Cryptocurrencies have experienced another turbulent period in the last year. However, with the growing popularity, the attention of fraudsters, who already “traditionally” use cryptocurrencies as a tool for their enrichment by robbing other people, also grew.
We have argued that many use sophisticated methods to deceive their victims in a separate article, where we again mentioned fraud on behalf of celebrities and companies.
Meta (formerly Facebook) has reopened the door to cryptocurrency advertising on its platform. However, she does not want to lose the profits that crypto-exchanges or advertising projects can pay her. But then there is the other side of the coin, which is the fraudsters just mentioned.
They are like poppies all over Facebook and they happily pay for fraudulent ads, even if they clearly violate the rules of the platform. And what about that? Well, somehow “classically” does not notice similar posts for a long time, until they are pointed out by someone “higher” than an ordinary user.
Fraudulent advertisements for cryptocurrencies have spread on Facebook
There seems to be no need to explain again that Facebook is displaying ads based on user preferences and user data. Over time, as I was an editor and interested in the cryptomen world, Facebook collected data so that it could later display cryptomen-related ads. Well, it wasn’t just any ads.
In addition to paid contributions to trusted and well-known cryptobourses, I also encountered fraud that could deceive a less experienced user (understand turning to money). These were mostly fake advertisements on behalf of well-known companies and celebrities.
The ads that appeared on my bulletin board misused the names of Amazon, Tesla and their founders, but did not protect themselves from promoting the names of well-known media such as The Guardian, CNBC and others. All you had to do was change the name slightly, remove the space or add a letter, and the scam was born. Surprisingly, Facebook approved such an advertisement and spread it among people.
This is despite the fact that an advertiser should meet the “strict” policies to advertise cryptome-related advertising. In fact, this kind of Facebook promotion was re-released on the platform just a few weeks ago. Since the beginning of December, it has begun to accept more permits from regulators, which are needed to run advertising for cryptocurrencies on its platform. I’ll explain.
Advertisers need it according to Facebook rules for the promotion of cryptoreclam document, a license from the regulator to guarantee that they have a license to trade or other activities in connection with cryptocurrencies.

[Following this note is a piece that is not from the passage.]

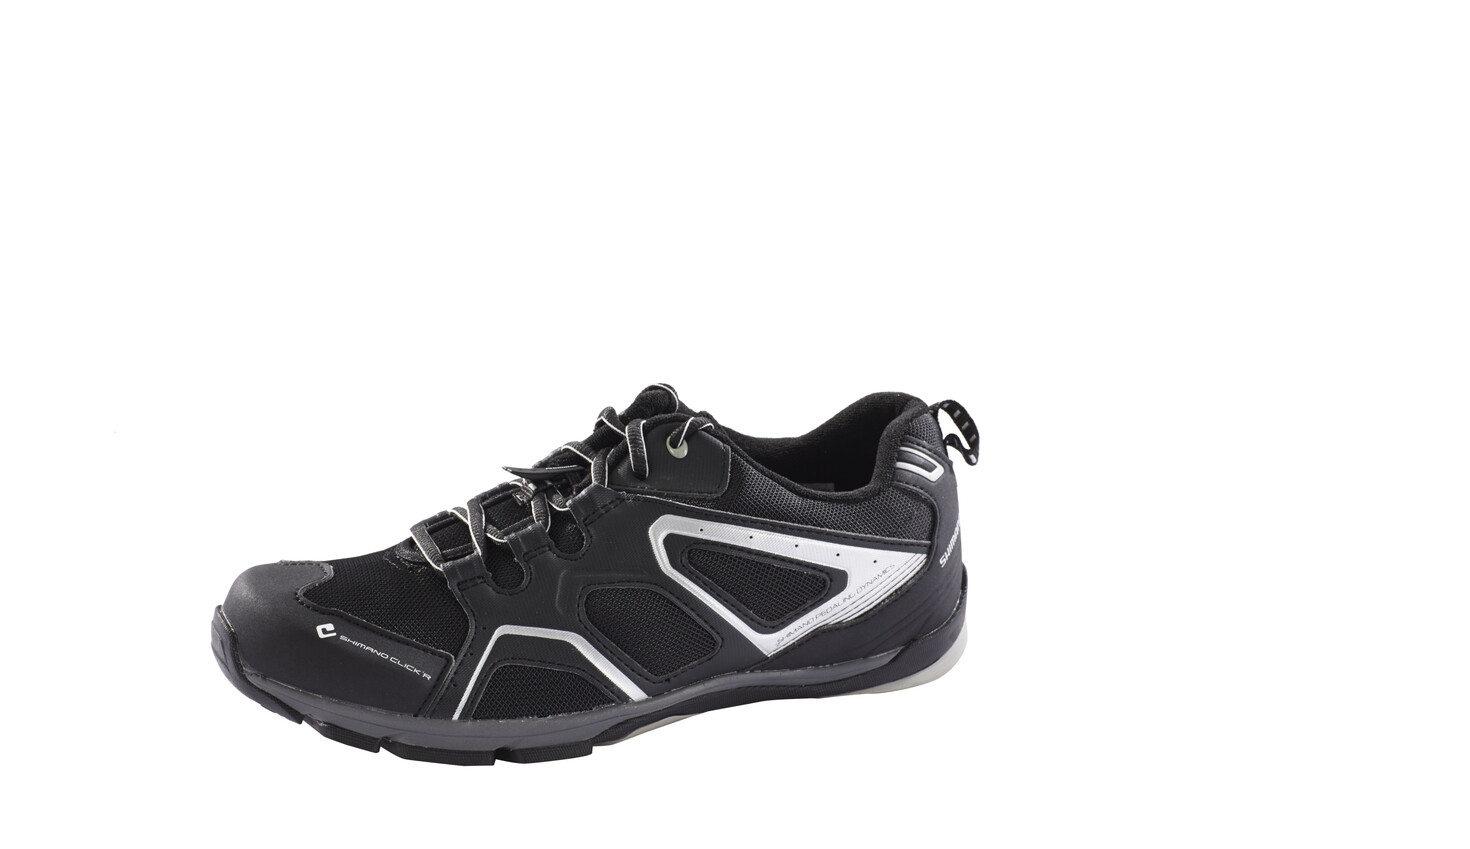 http://images.internetstores.de/products/351054/01/f37d87/Shimano_SH-CT40L_-_Chaussures_trekking_homme_-_noir_02[1470x849].jpg?forceSize=true&forceAspectRatio=true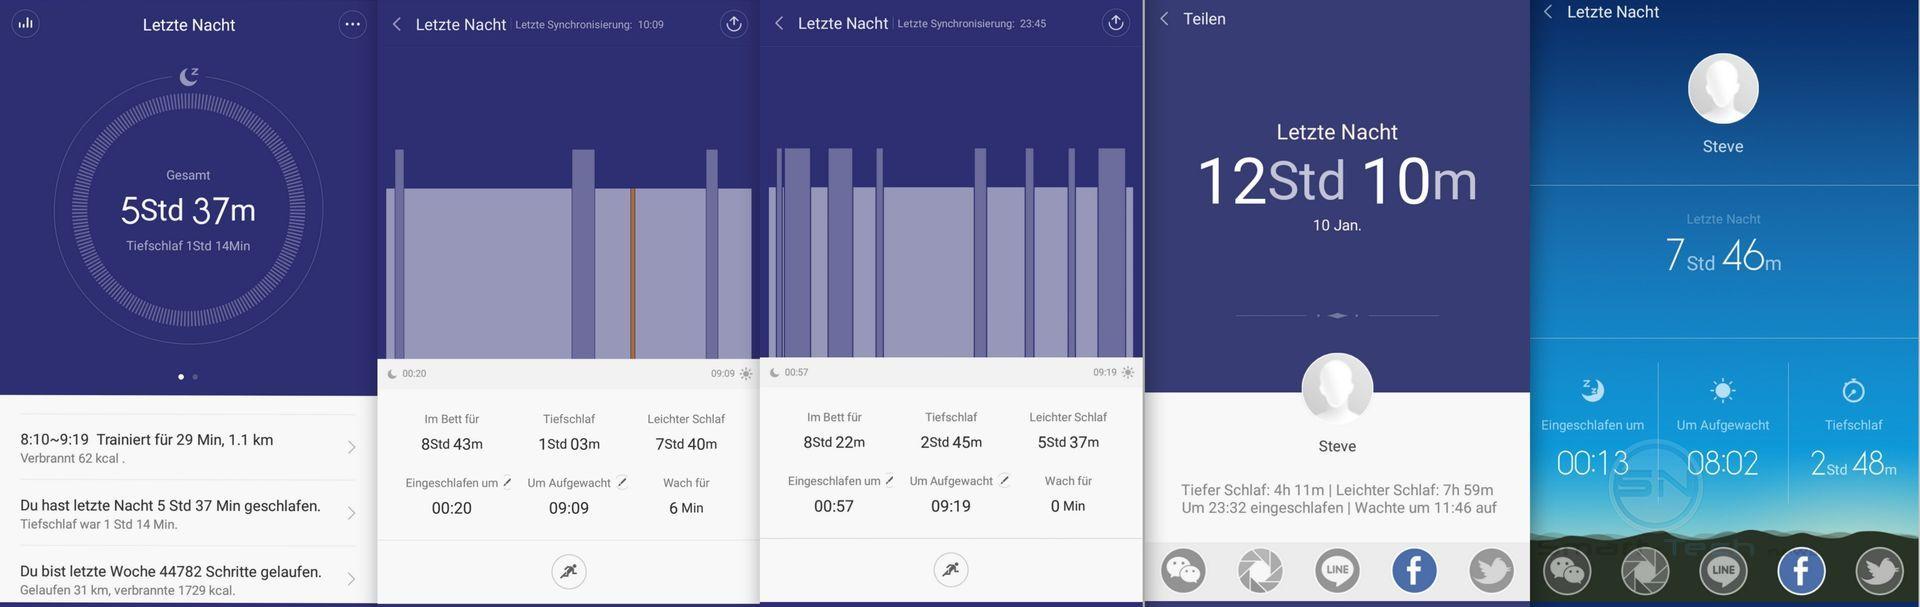 Schlaf Wach Traumphasen Prodokoll - Xiaomi MiBand 1s - SmartTechNews

Before December 1, the social network accepted licenses from only 3 different regulators, after this date according to official information has expanded the list to 27 licenses from regulators from various countries, including some Asian and European countries in addition to the United States, but Slovakia is missing among them.
The regulator to advertise cryptome ads need:
- Platforms, software applications or products known as crypto-exchanges and trading platforms. This includes, but is not limited to, spot trading, margin trading, futures or other trading instruments that include cryptomenal assets
- Platforms, software applications or products that offer cryptome loans
- Cryptomenic wallets that allow users to buy, sell, exchange or deposit their tokens
- Cryptocurrency mining hardware and software
Exceptions that do not require a regulator license for Facebook ads:
- Tax services for cryptomen companies
- Cryptomen-related events, education and news (do not offer any cryptomen products or services)
- News in the field of blockchain (usually pages informing about news on blockchain)
- Services and products based on blockchain technology that are not a virtual currency, e.g. NFT
- Cryptomenic wallets that allow users to store their cryptocurrency tokens without the ability to buy, sell, exchange, or insert tokens
According to these rules, cryptomen exchanges and other official companies or applications would not be able to advertise without the necessary license. However, this is not a problem for trusted and registered stock exchanges and companies that are subject to regulators. However, fraudsters, in their efforts to suppress their fraudulent campaign, disguise themselves as the above-mentioned “exceptions” that do not require a license for advertising.
You will find out in this article after unlocking
- How has Meta relaxed the rules for cryptors?
- How did the fraudsters abuse the system?
- What fraudulent ads on behalf of celebrities and companies are spreading?
- How does Meta fight fraud and where does it still fail?